Начальственный хриплый тенор распоряжался:

— Сдать имущество лагпункта. Белье казенное можно только, если своего нет. И чтоб не больше одной пары, той, что на тебе. Одеяла, простыни — все сдать… Ботинки только те, что носишь, если своих нет… Проверить все чемоданы и сидоры. Кто на себя лишнее надел — снимай сразу…

Начался обыск под дождем и снегом. Чемоданы, сундучки, мешки вытряхивали прямо в грязь, конвоиры перебирали вещи, выхватывали то, что им казалось подходящим. Обыскиваемые кто кричал, кто жалобно упрашивал…

— Что вы делаете? Здесь же больные…

— Раз-го-оры! Работать — больные, а жрать — здоровые…

— Так это ж моя одежа з дому… гражданин начальник, что ж это такое… Это ж моя одежа… пинжак… штаны жена прислала з дому.

— Молчи, падло! Ты ж в больницу едешь, там оденут.

— Деревянный бушлат ему, а не пиджак.

— Ой, ой, что ж вы делаете? Ой, Боже мой, последнее забирают.

— Це ж мое власне… не маете права… Я жалиться буду, це моя сорочка. Бона ж гаптована, таких тут немае.

Выкрики. — Стоны. — Скулящие жалобы. — Плач. — Конвоиры орут, матерят. — Арестанты ругаются вполголоса.

— Грабят сволочи, ни стыда, ни совести. Прав нет, а кому скажешь? Издеваются над больными.

Истерически завопила женщина: «Не дам… Это мое…» Один из конвоиров деловито сказал другому:

— Ты прохаря найди. Тут прохаря должны быть хромовые.

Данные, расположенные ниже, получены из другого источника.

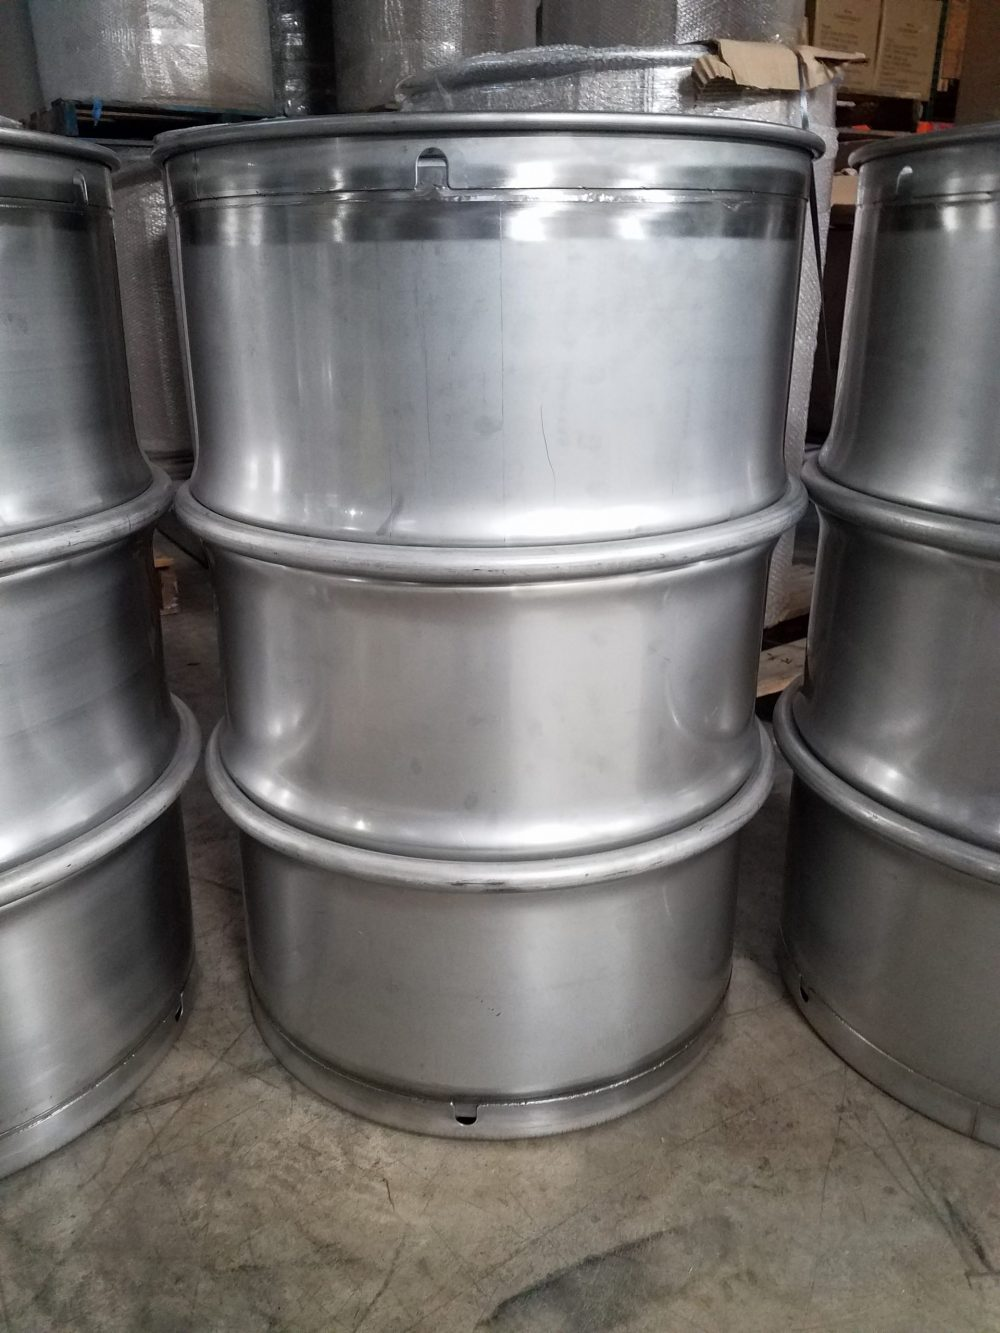 Nitric acid stainless steel drums

Через ряд передо мной стоял высокий старик, закутанный, замотанный платком поверх шапки и пальто. Он, видимо, не слышал или не понял распоряжений. Двое конвоиров выхватили у него рюкзак и начали разматывать платок. Он испуганно забормотал:

— За что? За что? Я же ничего.

Тогда и я стал кричать:

— Где начальник лагеря? Требую начальника лагеря. Это произвол, беззаконие, издевательство над больными. Над советскими законами. Где начальник лагеря? Это не обыск, а грабеж.

Сзади кто-то испуганно:

— Не надо… не заводись… Они ж убить могут… Какие тут законы?… Не надо…

Подскочил коренастый, в шапке, сбившейся набекрень, с автоматом поперек груди. В слепящем свете фонарей вахты — маленькие, злобно блестящие глаза, оскаленные зубы, очень белые, ровные — юношеские.

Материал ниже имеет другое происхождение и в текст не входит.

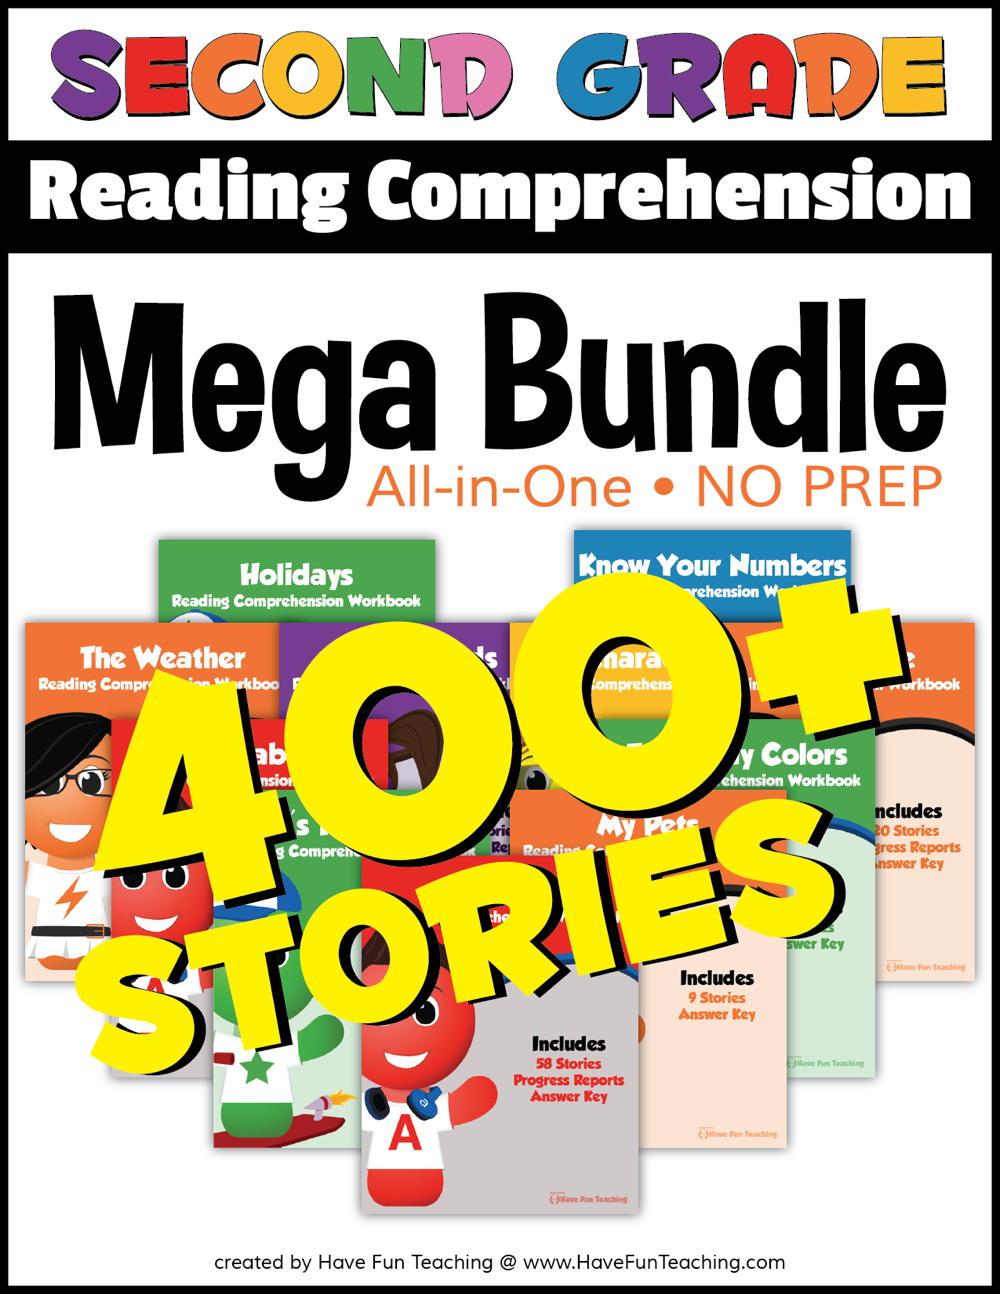 Second Grade Reading Comprehension - No Prep All In One Mega Bundle

— А ну, заткнись… твою мать… Сейчас же заткнись. Я тебе покажу законы, падло, не доживешь до больницы.

Начальственный тенор приближался от вахты.

— Кто там права качает? Кто оскорбляет конвой? В больницу собрался и на горло берет. Так мы тут на месте подлечить можем… Этот? Здоровый лоб, а намотал бинтов. Это ты начальника зовешь?

Молчу, стараюсь удержать дрожь озноба и страха. Сразу же испугался, ужаснуло, что оставят, изобьют, погонят назад в бараки и не попаду в больницу, благодатную, светлую, полную добрых врачей.

— Молчишь, сука? У, враг народа. Вот так и молчи. Рога еще не обломали. А ты заметь эту морду забинтованную. Глаз не спускай.

И я мгновенно, сквозь боли, сквозь жар вспомнил рассказы о конвоирах, которые в пути заставляли зэков часами лежать в снегу, разуваться на морозе, сами сталкивали с дороги и стреляли в упор — «попытка к бегству».

Меня вовсе не обыскивали, сразу видно было, что взять нечего, у стоявшего рядом только ощупали тощий мешок.